9. I have a weapon that should be used to fight wars and end crime. We could finally have world peace. That weapon is gas. My farts are excruciatingly painful to my husband and could burn the hair in your nostrils. It doesn't matter what I eat, you would think I eat Mexican food on a daily basis.
10.I get out of breath just by changing the channel on the TV with the remote. I dread the stairs. I am so happy I only have 3 steps to my downstairs bc I would never get laundry done if there were more. I sound like a wheezing child who is having an asthma attack when I do anything strenuous. By strenuous I mean loading the dishwasher.
11. Ugh...migraines No need to explain this one.
12. I have lost my ankles and I am not sure where to start looking
13. Stretch marks are not pretty, you are in denial if you think that just bc you got them while pregnant then they are beautiful. Theres nothing pretty about red stretched skin on what will be a flabby platform after the baby arrives.
14. When people see a pregnant woman they assume that she would like to here that you were in labor for 40 hours, or that you tore all the way to your butthole, or how sex has never been the same since, or that the epidural didn't work and you were in the worst pain of your life, or how you pooped on the table. I would rather not know nor do I care!!
15. Yahoo is a pregnant girls best friend. I don't know how many times I have used it to give me an answer to the problems that are occurring. I have thought a million times I was already in labor or that I was developing some severe problem. Hey I am just being on the safe side!
16. My hormones are prepared for battle & they will not lose so watch out.
17. I don't know what its like to have a social life. I stay in the house as much as possible and only see the sun to check the mail or take the dog outside. I am asleep by 9 or 10 and I sleep in as long as possible. Sometimes I turn down offers to do something bc I am too lazy to get ready!!
18. Not only is my belly growing, but so is everything else. My butt, arms,thighs, feet, face everything has gotten so much bigger. From a distance I look like an obese penguin ( bc of the waddling) This must be the reason I am off balanced.

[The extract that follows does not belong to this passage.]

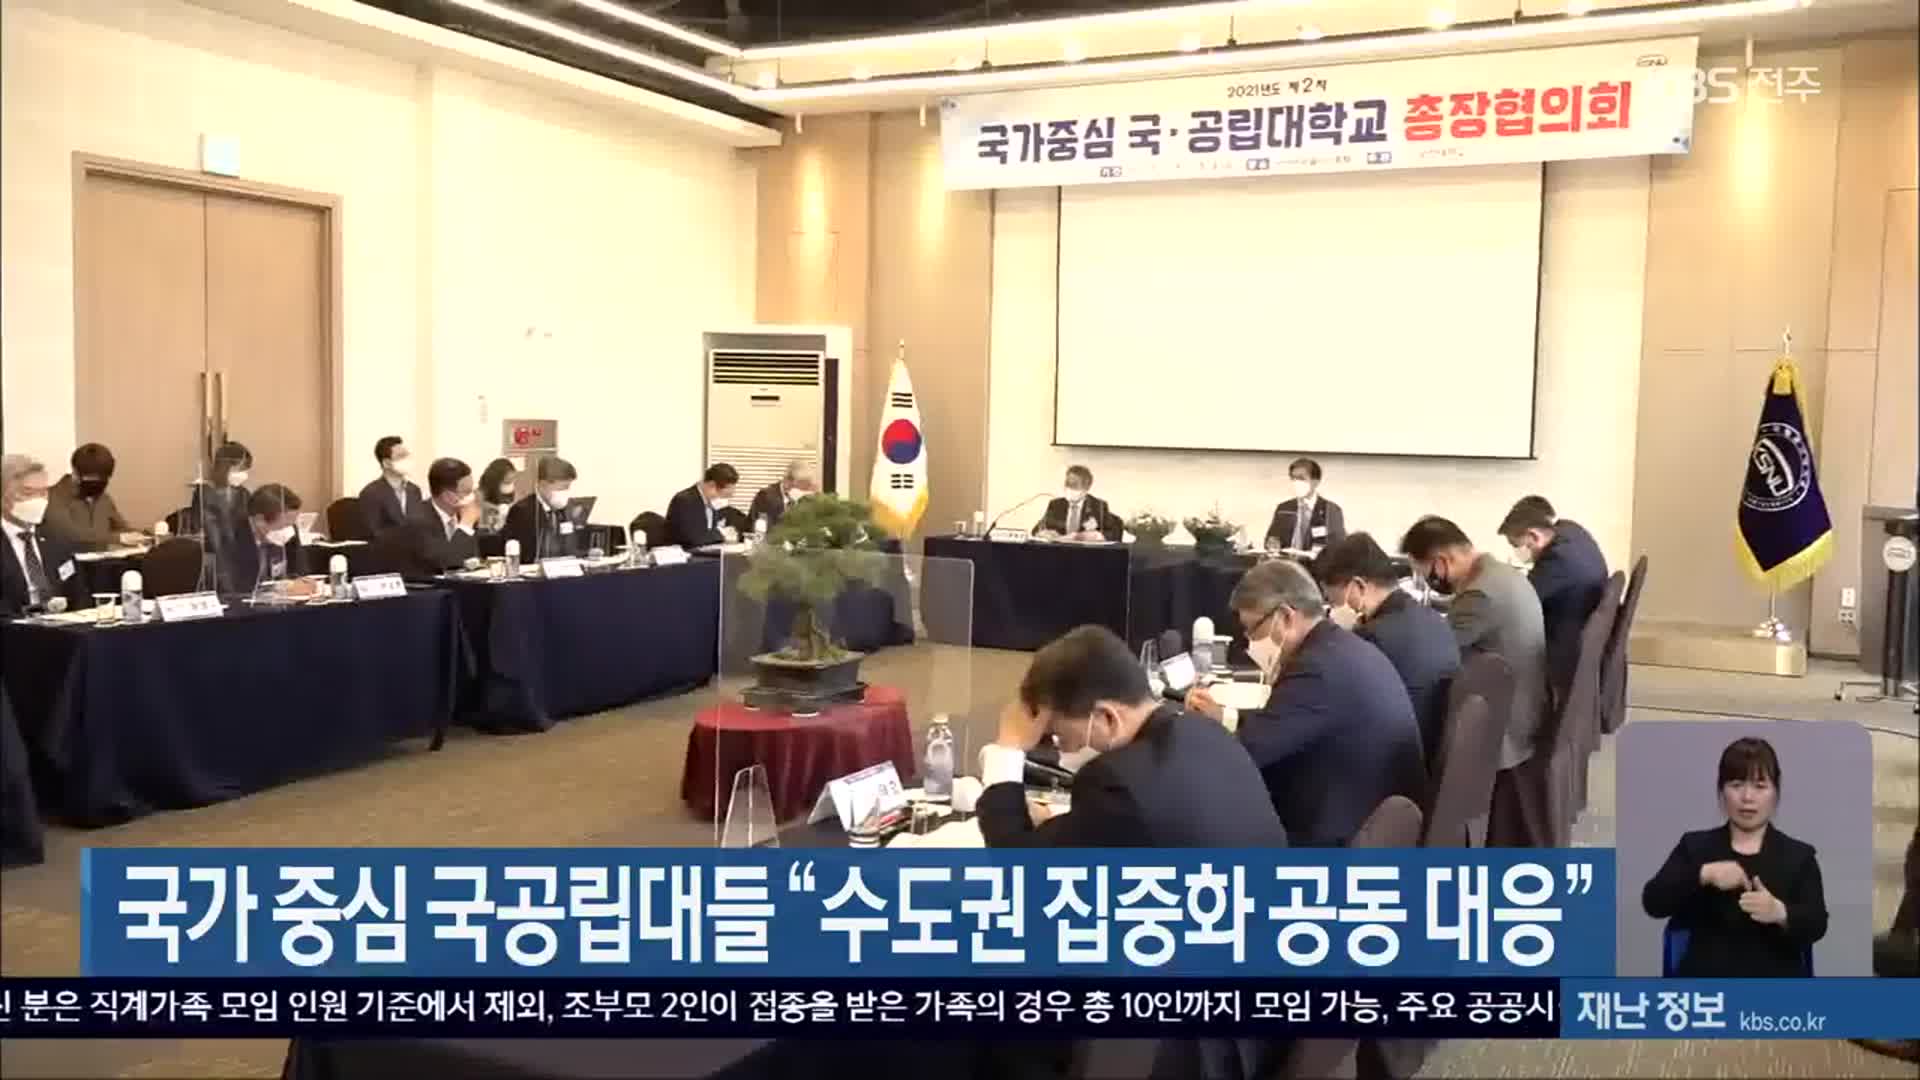 국가 중심 국공립대들 “수도권 집중화 공동 대응”

19. No matter what I eat I am hungry in 30 minutes. I believe that taco bell and burger king make commercials just for me. I am obsessed with food and I actually think I have fallen in love with certain types of foods.
20. I have a super sniff that is out of this world! I smell everything whether its food in the fridge, the garbage, the cat or dog, and sometimes I think I make smells up. I am constantly yelling at Tim telling him to clean something bc its made me sick.
I hope you all got a good laugh at the things that have been happening to be in the past 31 weeks. I am sure when its all over with I will laugh too.